Separable and Linear equation

 

Def 1

A $1$st order Differential Equation of the form

$\frac{\mathrm{d}y}{\mathrm{d} x} = g(x)h(y)$

is said to be separable.

 

 

 

Solution

In this case, we can easily find the solution by collecting $x$ and $y$ terms, and intergrating those terms. So we get

$\frac{1}{h(y)} \mathrm{d}y = g(x) \mathrm{d}x$  $\Rightarrow$  $\int \frac{1}{h(y)} \mathrm{d}y = \int g(x) \mathrm{d}x$

 

 

 

Def 2

A $1$st order DE of the form 

$a_{0}(x) \frac{\mathrm{d}y}{\mathrm{d} x} + a_{1}(x)y = g(x)$

is said to be linear equation in the variable $y$. This is called general form of linear Eq.

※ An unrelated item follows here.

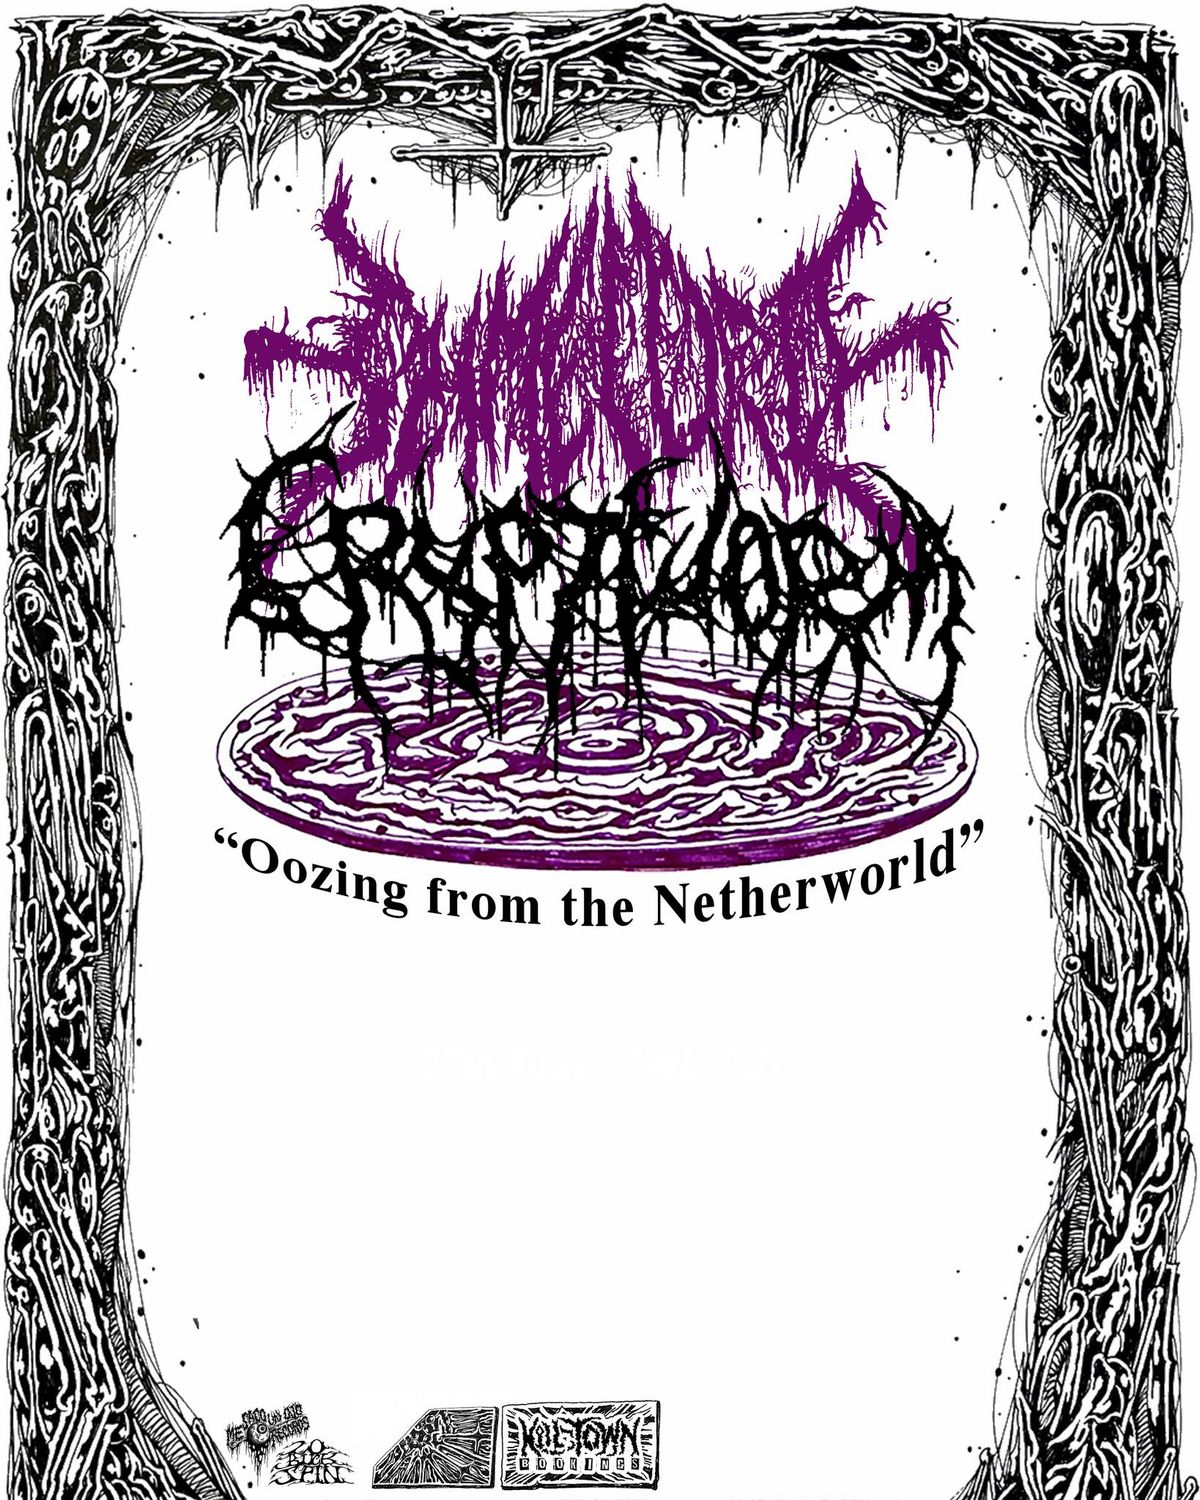 Slimelord (uk) + Cryptworm (uk) + support

A specific form from in the following

$\frac{\mathrm{d}y}{\mathrm{d} x} + P(x)y = f(x)$

is called standard form of linear Eq.

 

 

 

Solution

Idea : multiply $e^{\int P(x) \mathrm{d} x} $

$e^{\int P(x) \mathrm{d} x}[\frac{\mathrm{d}y}{\mathrm{d} x} +P(x)y] = e^{\int P(x) \mathrm{d} x}f(x)$

     $\Rightarrow$  $\frac{\mathrm{d}}{\mathrm{d} x}[e^{\int P(x) \mathrm{d} x} y] = e^{\int P(x) \mathrm{d} x}f(x) $

     $\Rightarrow$  $e^{\int P(x) \mathrm{d} x} y = \int e^{\int P(x) \mathrm{d} x}f(x) \mathrm{d} x + C$     (for some $C \in \mathbb{R}$)

     $\Rightarrow$  $y = C e^{- \int P(x) \mathrm{d} x} + e^{- \int P(x) \mathrm{d} x} \int e^{\int P(x) \mathrm{d} x}f(x) \mathrm{d} x $